»Walker.« Morgan kam auf ihn zu, einen Arm noch immer um das Mädchen geschlungen. »Ich habe überall gesucht. Ich dachte, euch sei auch etwas zugestoßen.«
Er berichtete ihnen, was Horner Dees und ihm widerfahren war, wie sie durch die Falltüre auf die Rutsche gestürzt waren und zu ihrem Entsetzen mit dem schlafenden Malmschlund direkt unter sich konfrontiert gewesen waren. Seine Augen waren wild und leuchtend, als er beschrieb, wie es ihm irgendwie gelungen war, die Magie des Schwertes von Leah, die er für verloren gehalten hatte, noch einmal freizusetzen.
Mit ihrer Hilfe waren sie entkommen.

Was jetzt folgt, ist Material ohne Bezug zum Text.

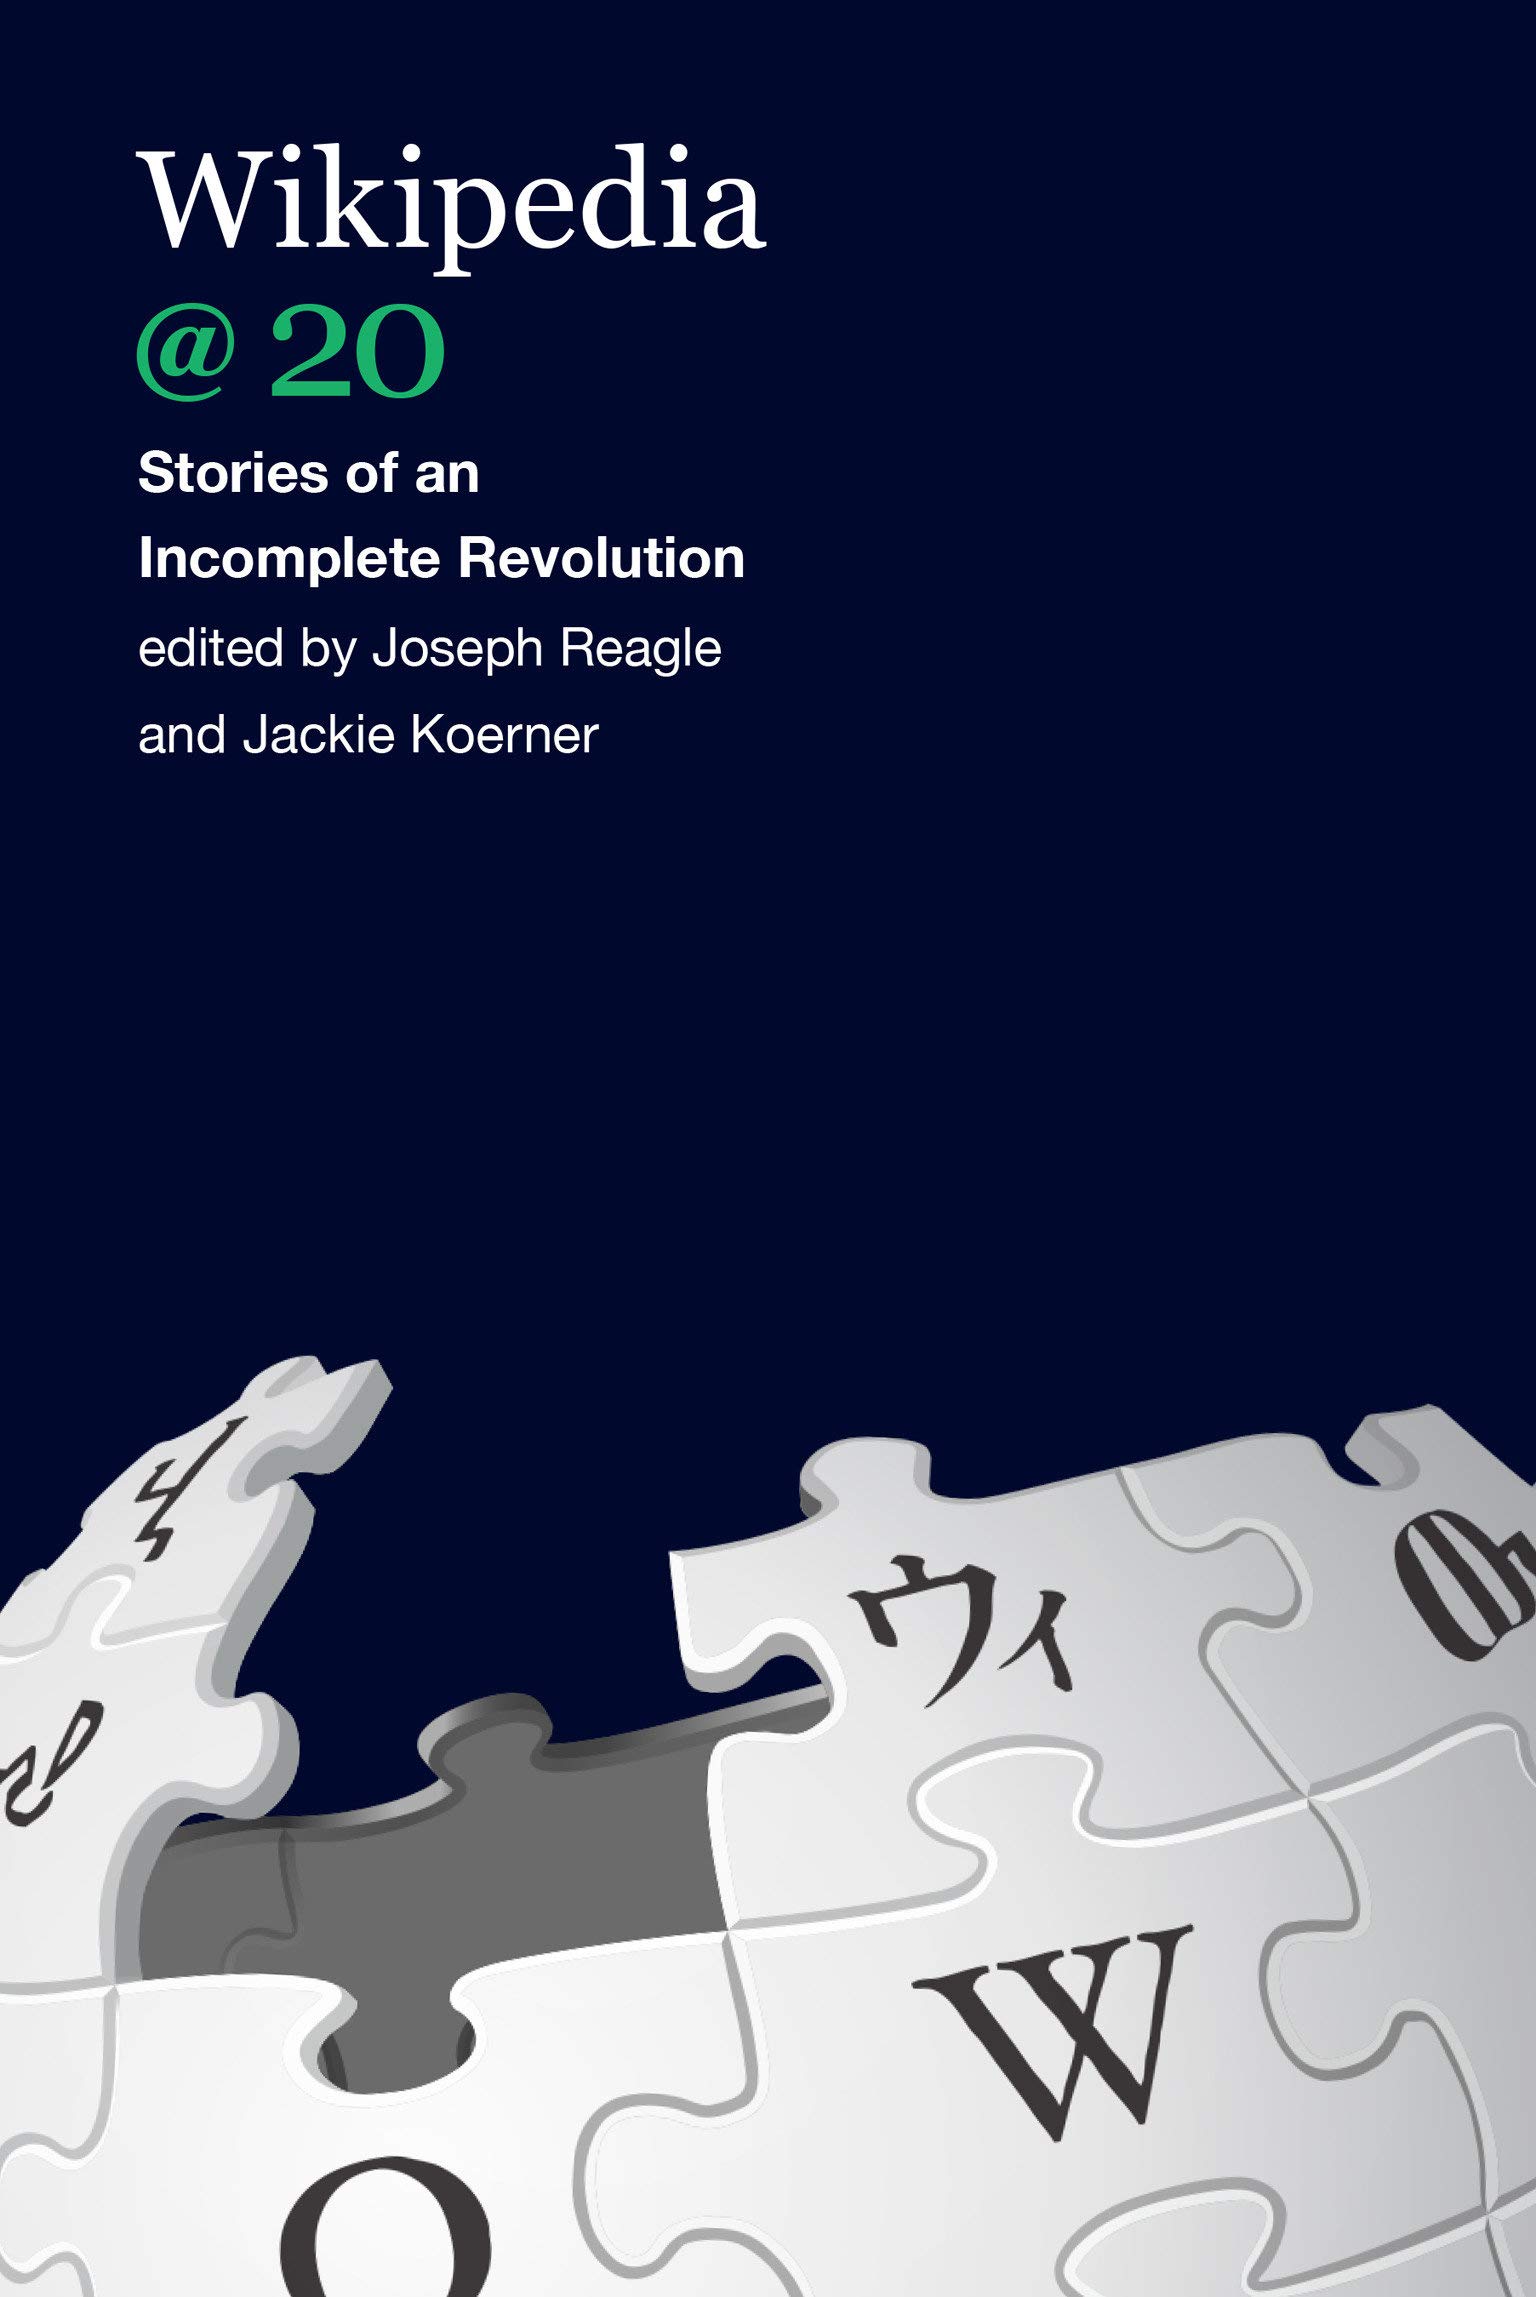 The cover of Wikipedia @ 20: Stories of an Incomplete Revolution

Für die Nacht hatten sie Zuflucht in der Nähe gesucht, und bei Tagesanbruch waren sie an die Stelle zurückgekehrt, wo sie die Gefährten verlassen hatten. Doch sie hatten das Gebäude leer gefunden und keinerlei Hinweis darauf, daß irgendwer zurückgekommen war. In Sorge um Quickening – um sie alle, beeilte er sich, hinzuzufügen – hatte er Dees zurückgelassen, um auf sie zu warten, und war allein auf die Suche gegangen.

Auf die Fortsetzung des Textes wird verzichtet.